Да. В последнее время, она заметила за собой, что начинает робко улыбаться. Так, чтобы никто не видел (не дай Бог, заметят, что зубы скалит), но позволяла себе слабую усмешку и иронию. Ну, смешная была местная домоправительница, она же – сестра хозяина, пусть и не родная. Смешная и как будто маленькая: Женя иногда разъясняла ей какие-то вещи просто на пальцах. А иногда – не хватало словарного запаса, чтобы растолковать. Ну, как донести до человека, что в детдоме хлеб делили не поровну, и даже не по возрасту? Светлана, дурочка такая, возомнила, что старшие маленьким свою долю отдавали, из "благородства"… Откуда ей понять, что его неделями никто не видел вовсе, а за выданные куски всей толпой дрались?

И как ей вбить в дурную голову, что корки нельзя в помойку выбрасывать? Что грешно это?

Женя пыталась бороться с этой дурной привычкой: втихомолку забирала остатки хлеба, старалась как можно быстрее и незаметнее схватить со стола и спрятать под кофту. Потом подсушивала на батарее и складывала в пакет. Наверняка, пригодились бы. Не ей, так еще другому человеку, голодному.

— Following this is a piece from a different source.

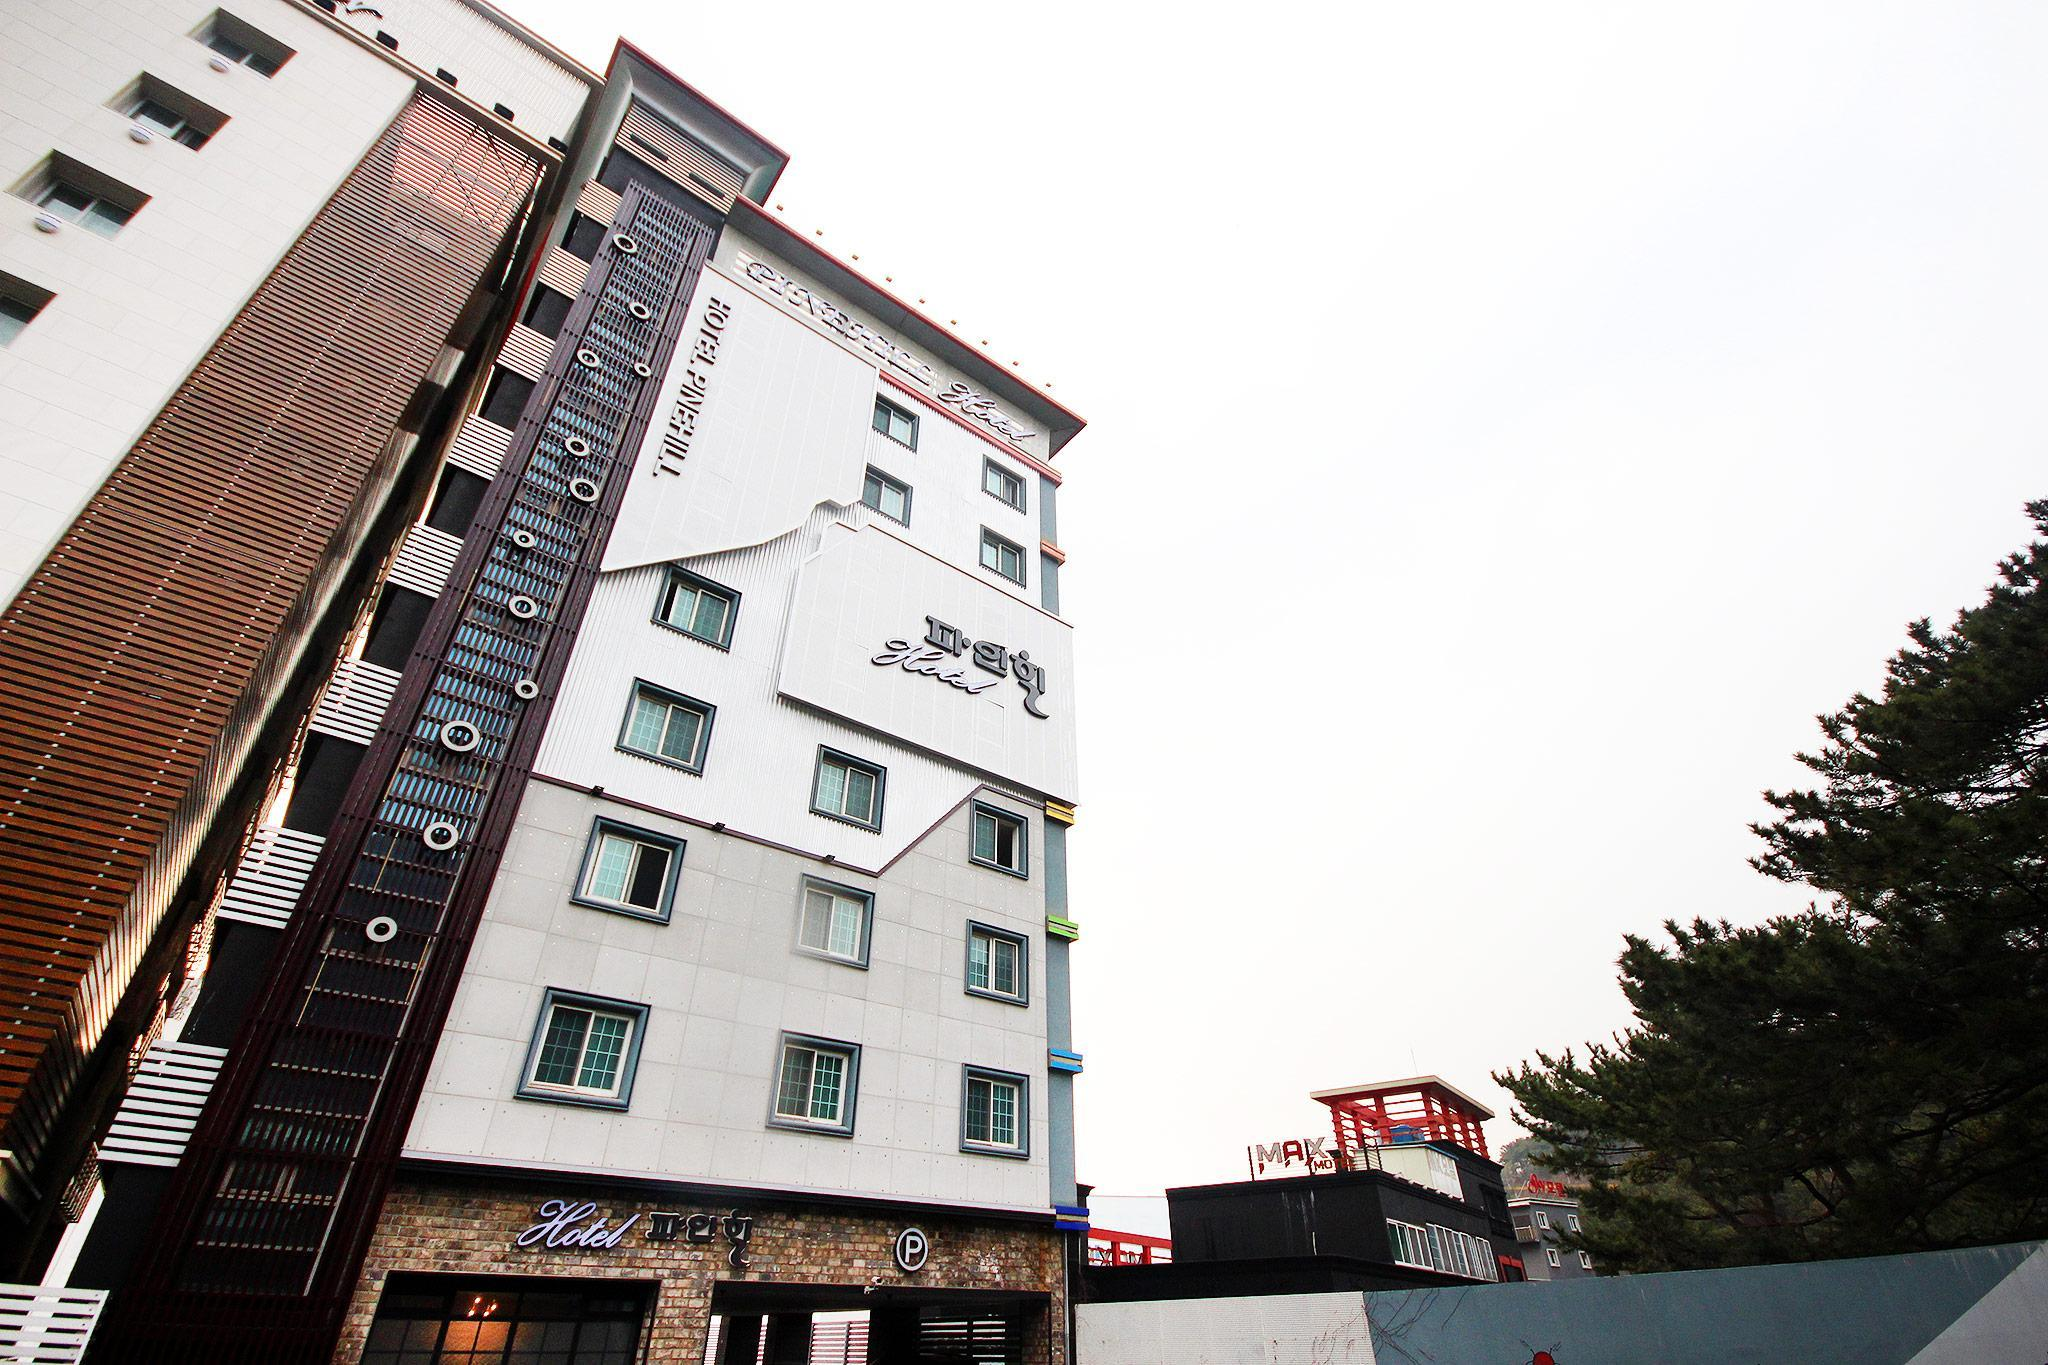 Songdo Pinehill Hotel, Saha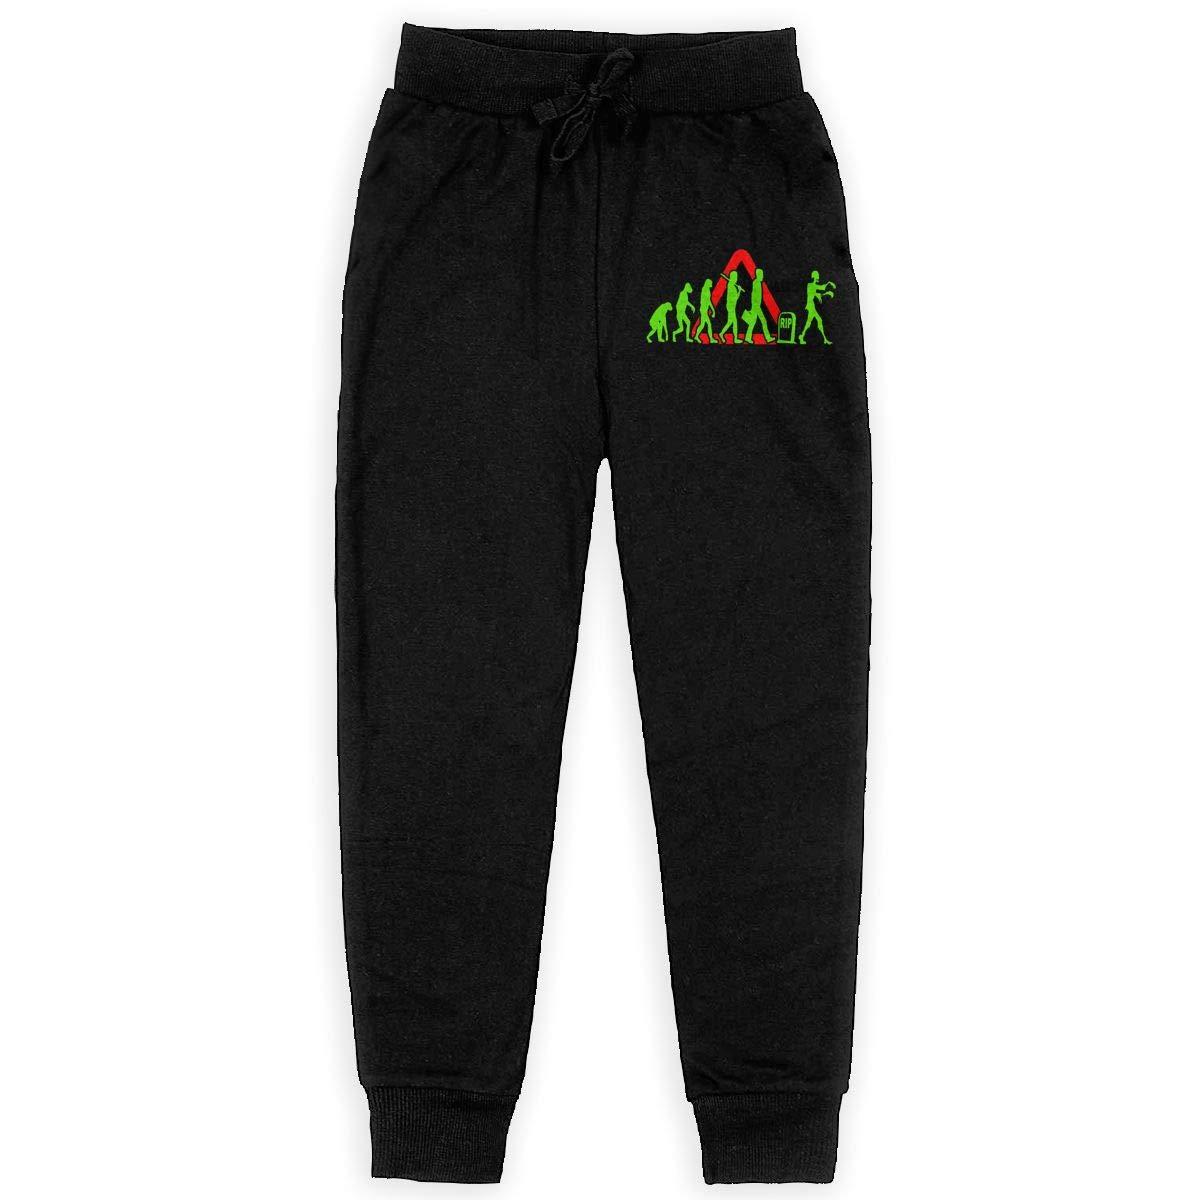 Bing4Bing Funny Zombie Evolution Boys Cotton Sweatpants Joggers Pants Active Pants

Эта затея ее и подвела. Привычка сушить и откладывать каждую крошку на черный день чуть не испортила всю спокойную жизнь девочки…

– Тебя плохо кормят в этом доме? – Игорь Дмитриевич брезгливо разглядывал засохшие огрызки хлеба, разложенные на столе его богатого, давящего своим великолепием кабинета. Под сухари была заботливо подложена ткань, чтобы, не дай бог, не испортить полированное красное дерево. И сам хозяин дома не притронулся пальцем ни к одному куску. Только потыкал, пошевелил их какой-то палочкой… Потом палочку выкинул, а руки долго протирал платком. Губы на красивом лице были искривлены презрением, лоб нахмурен, а в глазах Женя увидела… разочарование?! Это ее больше всего ужаснуло.

 

Не сразу смогла проглотить ком в горле – так разнервничалась. Сипло прошелестела (сама свой голос не узнала):

– Очень хорошо кормят, спасибо, мне всего хватает. Вдоволь. Огромное вам спасибо, правда!

– Тогда… зачем эти стратегические запасы? – Он обошел вокруг стола, ближе к девочке, навис над ней своей внушительной фигурой. Заставил еще больше вжимать голову в плечи. Женя старалась не съеживаться, держать спину гордо и прямо. Но как же это было сложно и страшно… – На случай побега готовишь? Так я уже говорил: не мечтай. Уйдешь отсюда, лишь когда позволю. И с тем, что разрешу взять.

– Что вы! Я даже не думала ни о каком побеге! Здесь у вас так замечательно! Я никогда раньше так хорошо не жила! – Это волнительная скороговорка вылетела из уст быстрее, чем девочка успела подумать.

Суворов слегка потеплел взглядом (или Жене так хотелось верить?), выдержал паузу…

– Тогда – будь добра, объясняй. И так, чтобы я поверил.

– Ну, нельзя же его выкидывать! Как вы не понимаете? Столько людей по миру ходит, которым он пригодился бы!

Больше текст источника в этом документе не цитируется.